1. An electrolytic cell for electrosynthesis of adiponitrile comprises an electrolytic cell shell fixedly connected with a blind flange, wherein the bottom of the electrolytic cell shell is provided with a liquid inlet, and the top of the electrolytic cell shell is provided with a liquid outlet; the method is characterized in that: an anode assembly and a cathode assembly which are matched with each other are arranged in the electrolytic cell shell, the anode assembly comprises an anode conductive plate, one side of the anode conductive plate is provided with an anode conductive column which penetrates out of the blind flange, and the other side of the anode conductive plate is provided with a plurality of anode plates which are perpendicular to the liquid inlet; the cathode assembly comprises a cathode conductive plate, one side of the cathode conductive plate is provided with a cathode conductive column penetrating out of the electrolytic cell shell, and the other side of the cathode conductive plate is provided with a plurality of cathode plates; the anode plates and the cathode plates are arranged in parallel and in a staggered mode, gaps are reserved between the anode plates and the cathode current-conducting plates, and gaps are reserved between the cathode plates and the anode current-conducting plates.

2. An electrolytic cell for the electrosynthesis of adiponitrile as defined in claim 1 wherein: the anode plate is provided with a plurality of first screw holes, and the cathode plate is provided with a plurality of second screw holes which are in one-to-one correspondence with the first screw holes; plastic screws are arranged in the first screw holes on the anode plates and the second screw holes corresponding to the anode plates in a penetrating mode.

3. An electrolytic cell for the electrosynthesis of adiponitrile as defined in claim 2 wherein: and an insulating gasket is sleeved on the plastic screw rod between the adjacent anode plate and the cathode plate.

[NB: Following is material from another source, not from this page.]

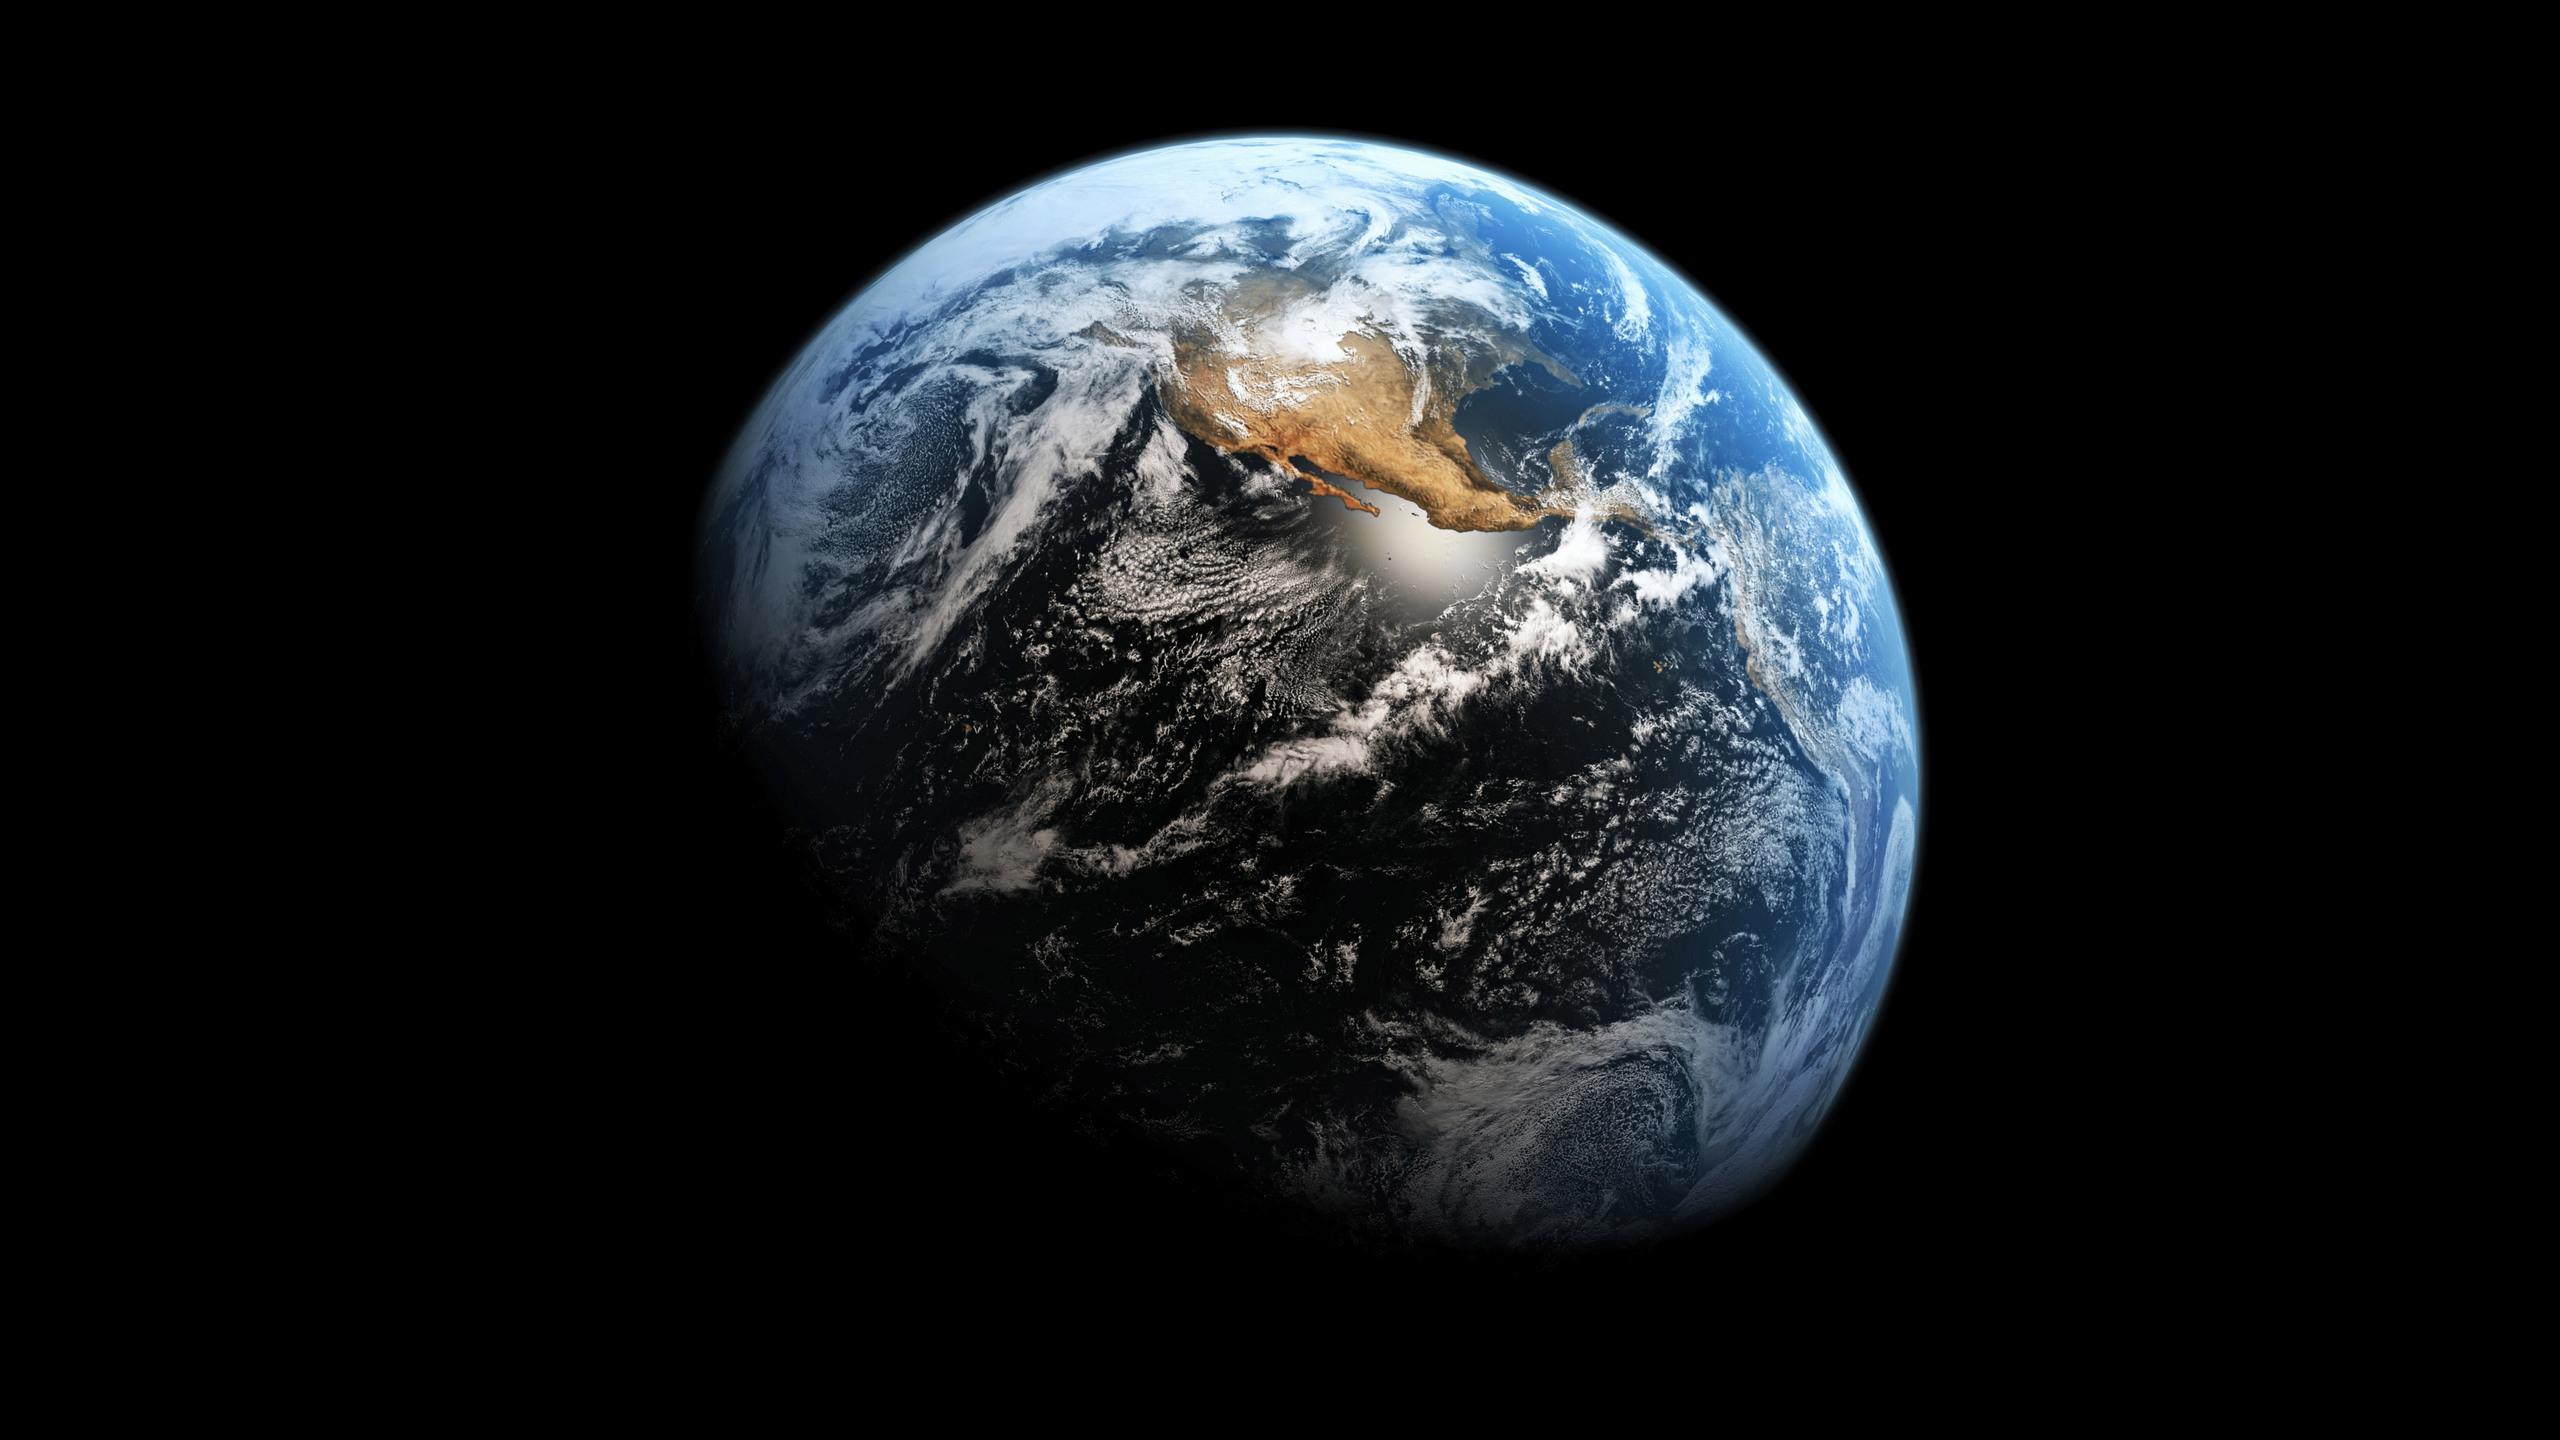 2560x1440 Earth Planet 4k 1440P Resolution HD 4k ...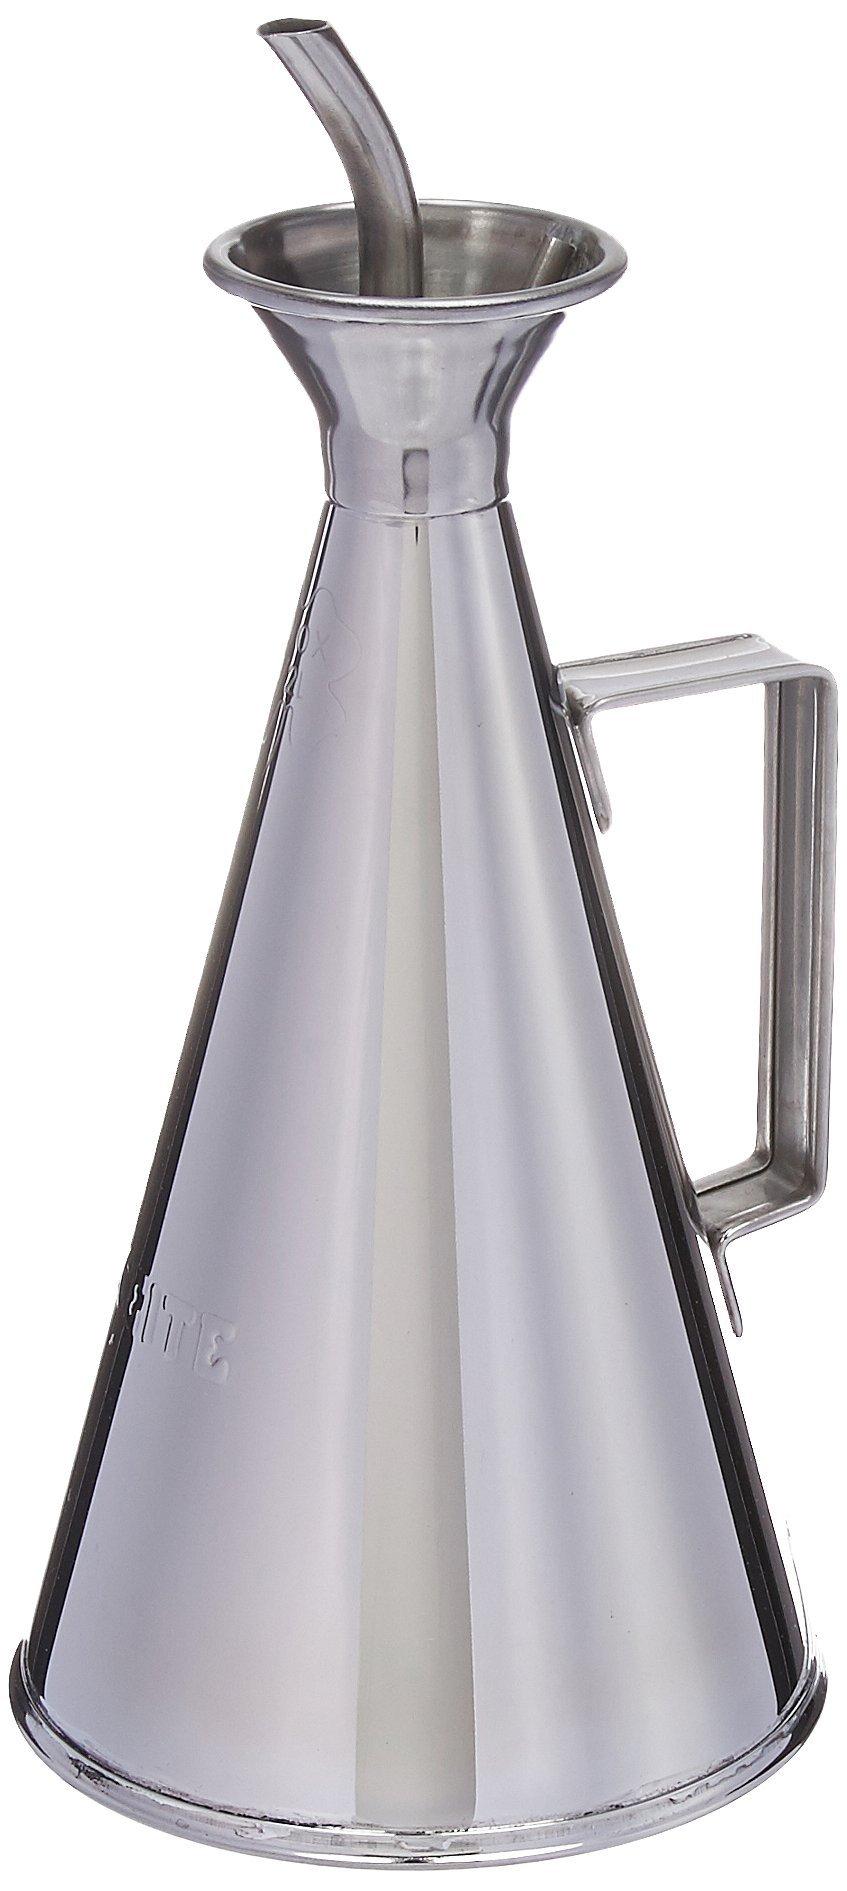 ½ Liter No Drip Olive Oil Dispenser (17 oz)

4. An electrolytic cell for the electrosynthesis of adiponitrile as defined in any one of claims 1-3 wherein: an insulating ring is further sleeved on the anode conductive column, one end of the insulating ring abuts against the blind flange, and the other end of the insulating ring abuts against the anode conductive plate.

5. An electrolytic cell for the electrosynthesis of adiponitrile as defined in claim 4 wherein: the blind flange is connected with the electrolytic cell shell in a PTFE (polytetrafluoroethylene) sealing mode, and a through hole used for penetrating the anode conductive column is formed in the axis of the blind flange.

6. An electrolytic cell for the electrosynthesis of adiponitrile as defined in claim 4 wherein: the end parts of the liquid inlet and the liquid outlet are respectively provided with a connecting flange which is integrally formed.

7. An electrolytic cell for the electrosynthesis of adiponitrile as defined in claim 1 wherein: the anode plate is made of titanium, and the surface of the anode plate is coated with an oxidation-resistant high oxygen evolution coating.

8. An electrolytic cell for the electrosynthesis of adiponitrile as defined in claim 1 wherein: the cathode plate is made of titanium or stainless steel.

9. An electrolytic cell for the electrosynthesis of adiponitrile as defined in claim 1 wherein: the electrolytic cell shell is a cylindrical shell made of stainless steel.